In the Constructor, select Hostname from the drop-down box and enter $A1 in the input box. This will put our captured hostname where it belongs.

Request URI
We still need to capture the URI of our page, so we create another Advanced Filter called “Google Translation (Request URI)”. We then select Request URI from the Field A drop-down box and enter a similar pattern to before:
/translate.*u=http://([^/]*)/?([^&]*)
We start by matching and capturing the same as we did before, but then we extend it a little. We need to capture everything after the hostname (i.e. everything after the first “/”). But we only the URI of the page, not the rest of the querystring, so we use the “^&” pattern to stop when we hit an ampersand (i.e. the next query variable).
What makes it slightly more difficult is that there’s no garantee that they will be a “/” character to capture. If the visitor translates your homepage by entering http://www.yourdomain.com then there’s no backslash to capture. This is why we put the backslash outside the brackets and modify it with a ? mark, signifying that it may or may not be there.
In the Constructor, we select Request URI and enter “/$A2″. This way, we are always starting the Request URI with a backslash and then adding whatever else we may have captured from the query varibale. This means that page views on your homepage will be logged as a single backslash as they normally would be.

Problem Solved
So we’ve successfully rewritten both the Hostname and Request URI, eliminating any of those annoying translation URLs. It’s worth noting the order in which the filters are done. We need to do the hostname first as otherwise we would overwrite the Request URI and not be able to match the hostname from the old URI. Filter ordering problems like this are quite common, so if you’ve got other filters set up on your profile, take some time to establish what modifies what and create an order so that they don’t interfere with each other.

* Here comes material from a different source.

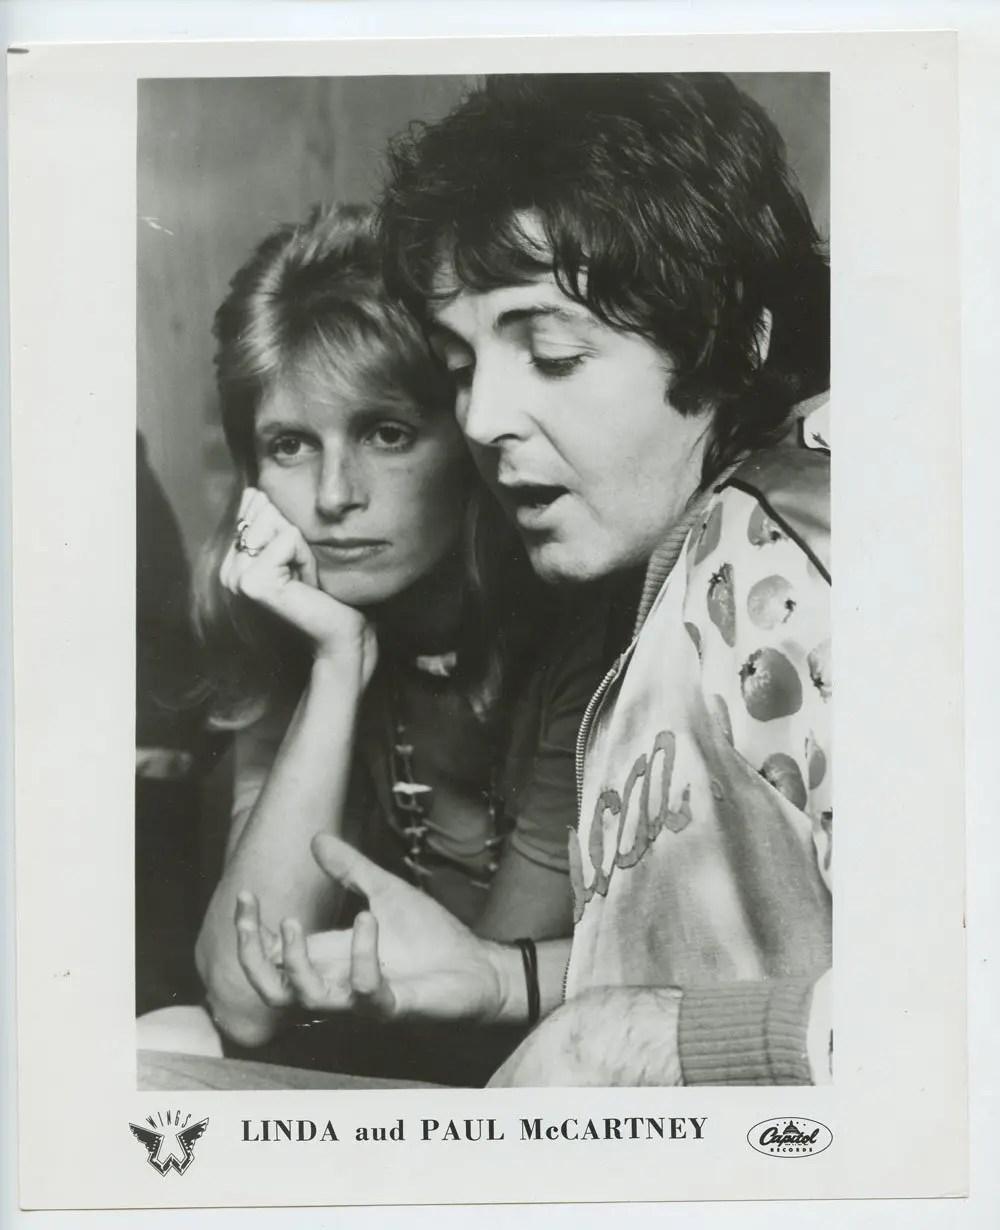 Paul McCartney and Linda Photo 1971 Publicity Promo Capital Records
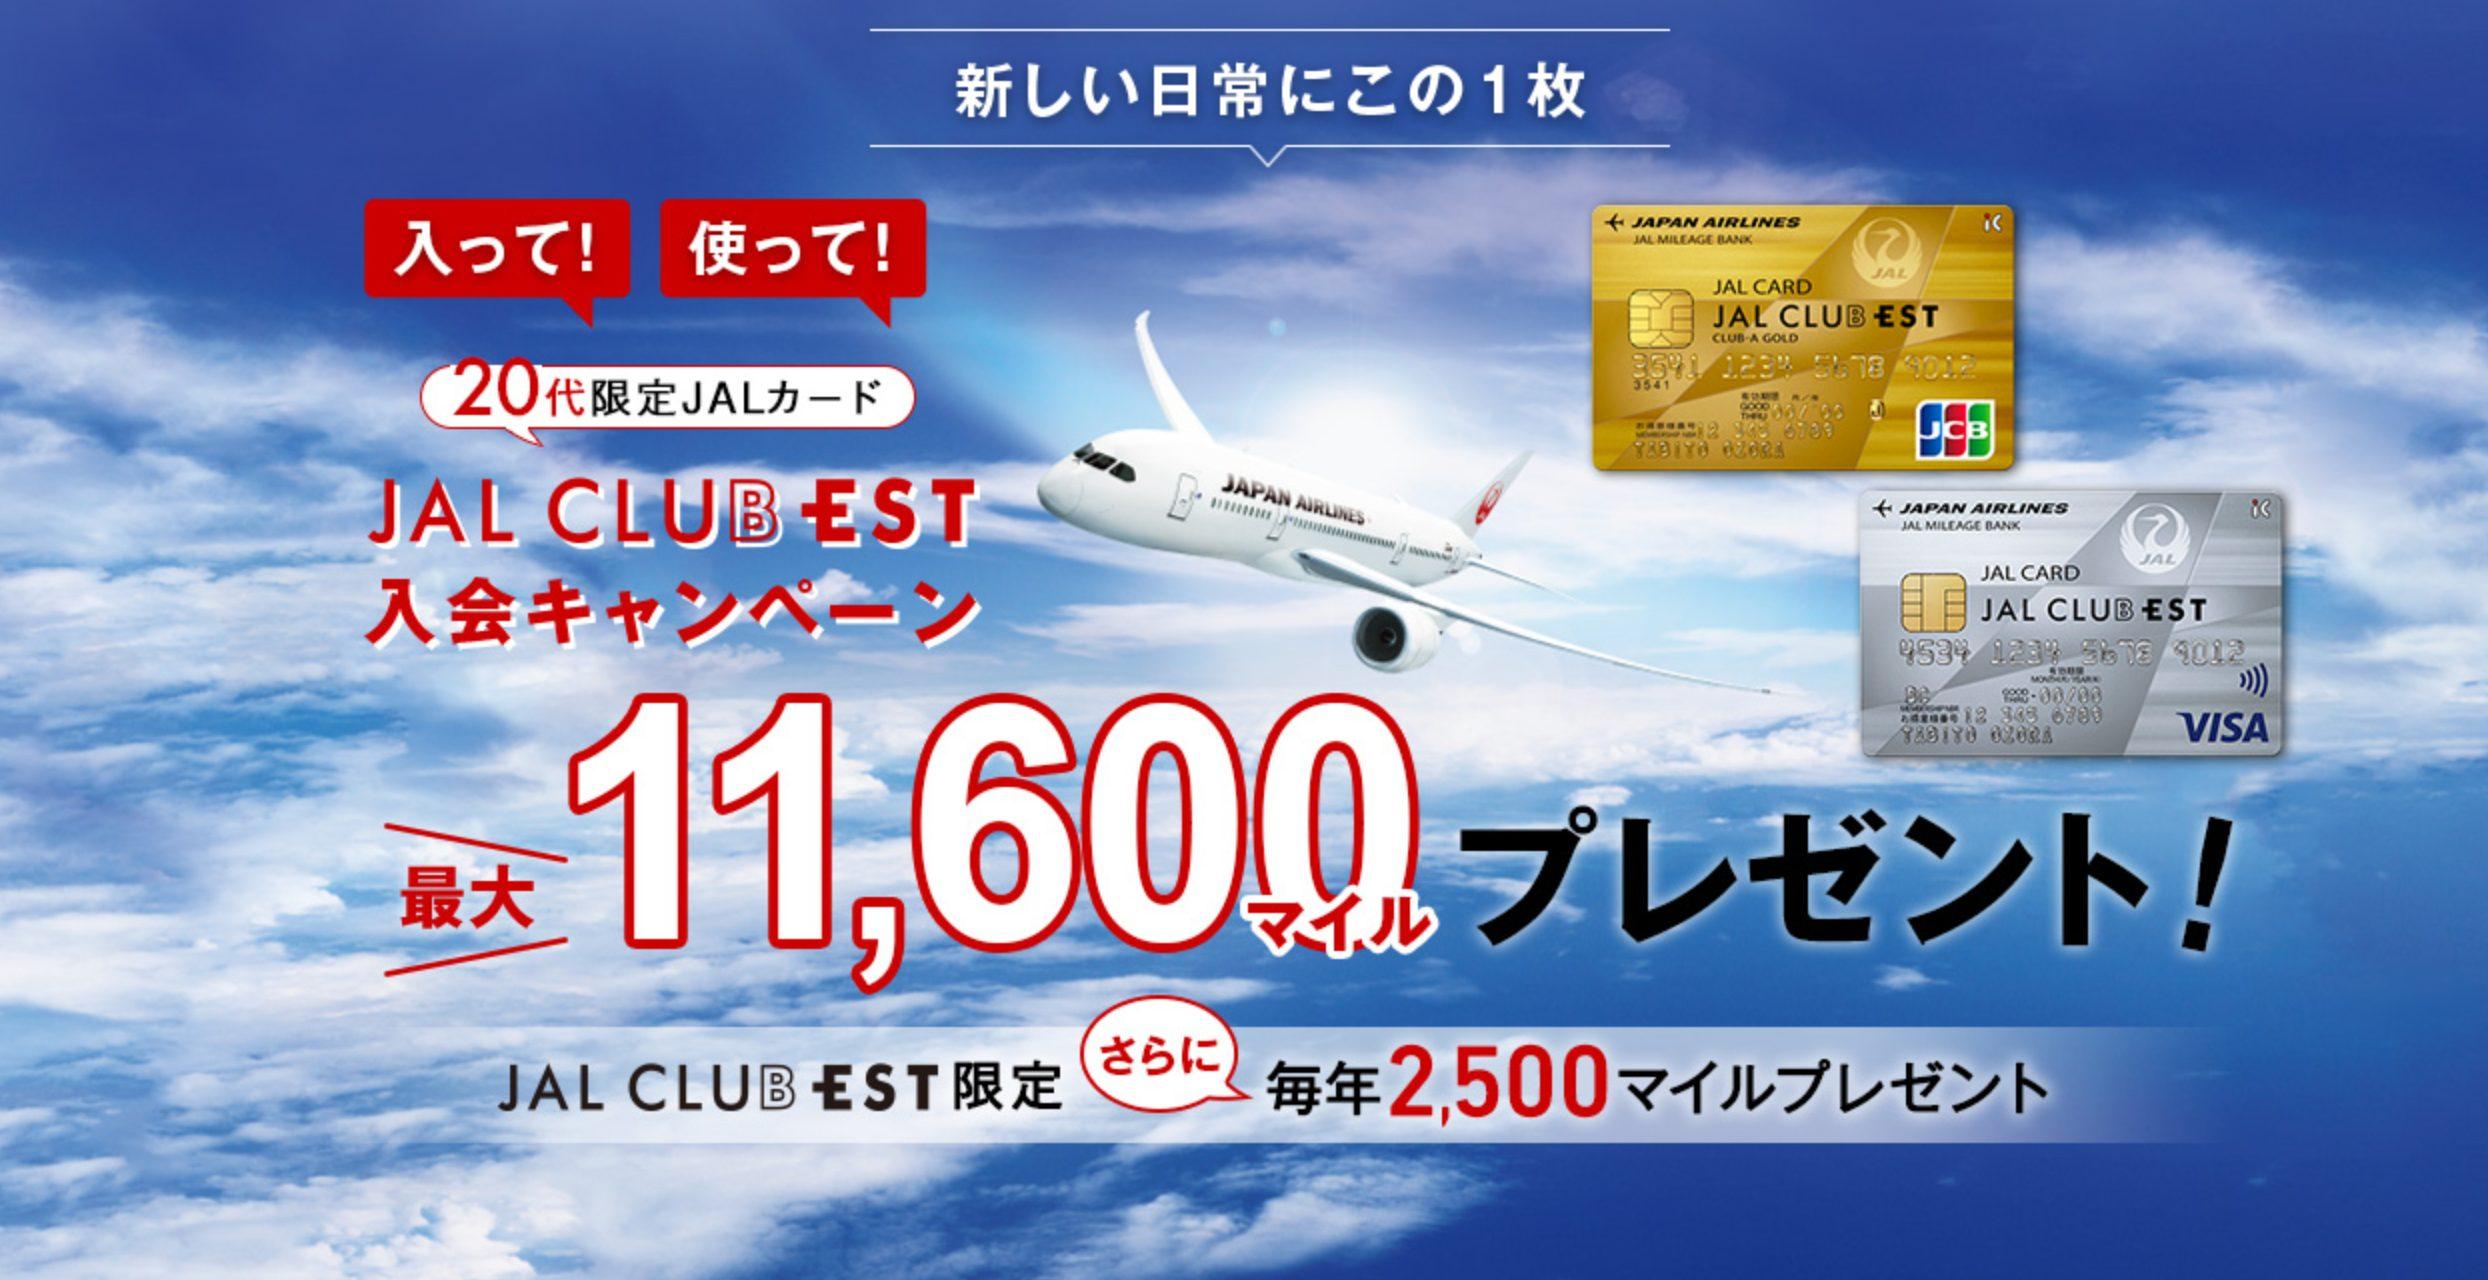 JAL CLUB ESTの入会キャンペーン

I’m currently looking into other translation services around the Web (Babelfish comes to mind) and cooking up some filters to work with these but, from my traffic at least, it seems that Google pretty much has the translation market sewn up.
Hi Andy
Thanks for your explanation on filters in Google Analytics.
I do however have one question.
I installed the filters as you described, but I still get the /translate urls through. (like: /translate_c?hl=desl=nlu=http://www.middelburg.nl/prev=/search?q=middelburghl=declient=firefoxhs=7pGrls=com.yahoo:de:officialrurl=translate.google.deusg=ALkJrhgm4XS6-ktHnbJXmj0Y-4SKbru6qQ )
Besides that I noticed that you refer to backslash whereas I can only see slash. Do you mean slash ?
Like in: / Or backslash like in: \ ?
Thanks for putting this out on the Web
Edwin